Williams also blames owner apathy for many of the Co-op’s current problems. He says he’s attended most of the general-membership meetings over the past seven years, and that fewer than 30 of the Co-op’s roughly 2,000 members have typically been on hand to elect board members and make product choices. The board of directors has scheduled a general-membership meeting — which had been planned for some time — for 6:30 p.m. on Friday, March 24, at Trinity Church. The meeting is supposed to address the overall vision for the Co-op, but Williams hopes that some of the other issues can be discussed there, as well.
Meanwhile, however, union-team organizer Catherine Shane was fired by the Co-op on Feb. 11. Teamsters Business Agent Johnny Sawyer says Shane was fired after a disagreement with another employer, and the union has filed an unfair-labor-practices charge with the NLRB. Sawyer said the timing of Shane’s termination is too much of a coincidence, noting that, in the past, the Co-op hasn’t fired employees involved in similar altercations. Asked about the firing, DeLuca would say only, “We followed the appropriate procedure with that staff person.” Williams, however, says Shane’s temper got her fired. “She had expressed that a few times in the store, inappropriately,” he revealed.
LaFey, who wouldn’t comment on the circumstances surrounding Shane’s dismissal, says the incident is part of a pattern of poor communication between staff and the general manager. DeLuca counters that one of the first things he did when he came to the Co-op was make one staff person in each department a floor manager, “so there’s only one step between me and the employees in the communication process.”
Making a living
No one disputes that the Co-op’s low wages (most people start at $6 per hour) are hard to live on.
On the other hand, even part-time Co-op employees working 12 hours a week receive benefits — a perk none of the five other cooperatives in the Southeast Cooperative Grocery Association offers.
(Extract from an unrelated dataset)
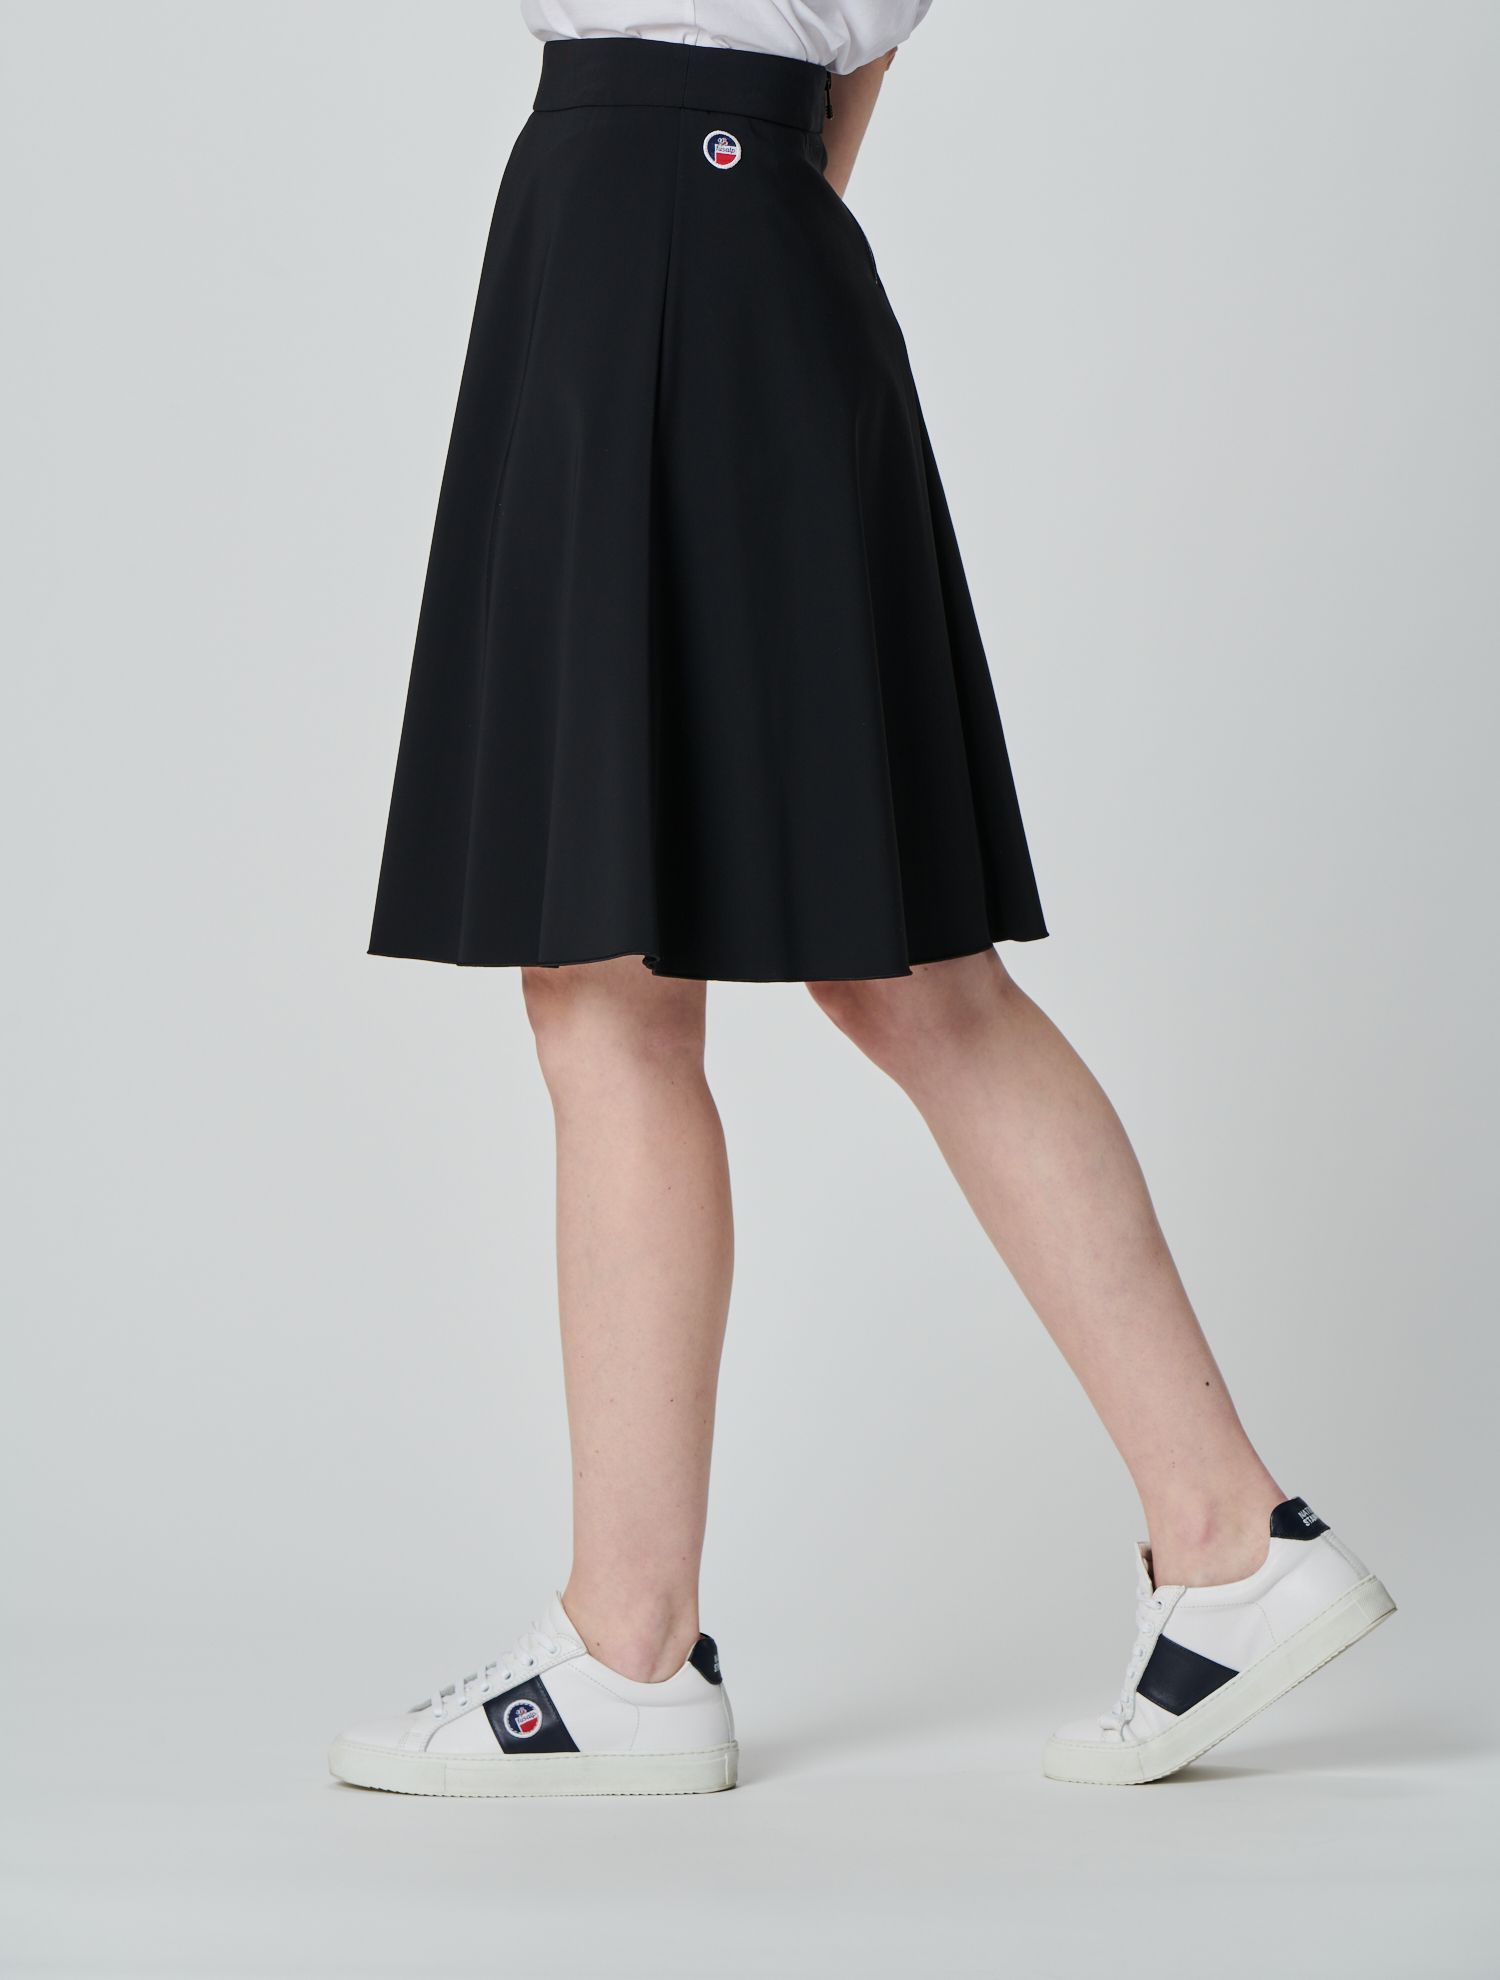 Fusalp - Herelle skirt: Skater long skirt for women

Employees also get a 20 percent discount on groceries, plus another 5 percent if they’re member/owners.
Other benefits, notes Bowers, include two weeks’ paid vacation (after one year), and an insurance plan that covers things like homeopathy, chiropractors and alternative medicine (after three months). And those low wages don’t appear to deter potential employees, she adds, because people are always coming into the Co-op looking for work.
But DeLuca says management has been crunching the numbers, anyway, with an eye toward upping wages to $8 per hour, across the board. Trigg, meanwhile, counters that a “livable wage” would be more like $10 per hour. And with better pay, she argues, there’d be less employee turnover — and, thus, a more experienced staff that would better serve customers. One of the union’s main goals, Trigg observes, is getting access to the Co-op’s financial records. “The union would accept no raises if it determines there’s no money,” she says, adding that the union would, however, push to set a date for a raise in the future.
The upcoming vote may decide whether workers get a union, but the philosophical differences about the Co-op’s mission seem unlikely to be resolved anytime soon. And, if you believe a cooperative should be a working democracy, it may be worth noting that the entire Co-op staff of 50 (including both management and non-management) plus the 78 owners who signed David Williams’ petition constitute, at best, a mere 6.4 percent of the 2,000 member/owners. How do the other 93.6 percent see things? Are they visionaries or practical business owners? Or maybe they’re just trying to get their shopping done.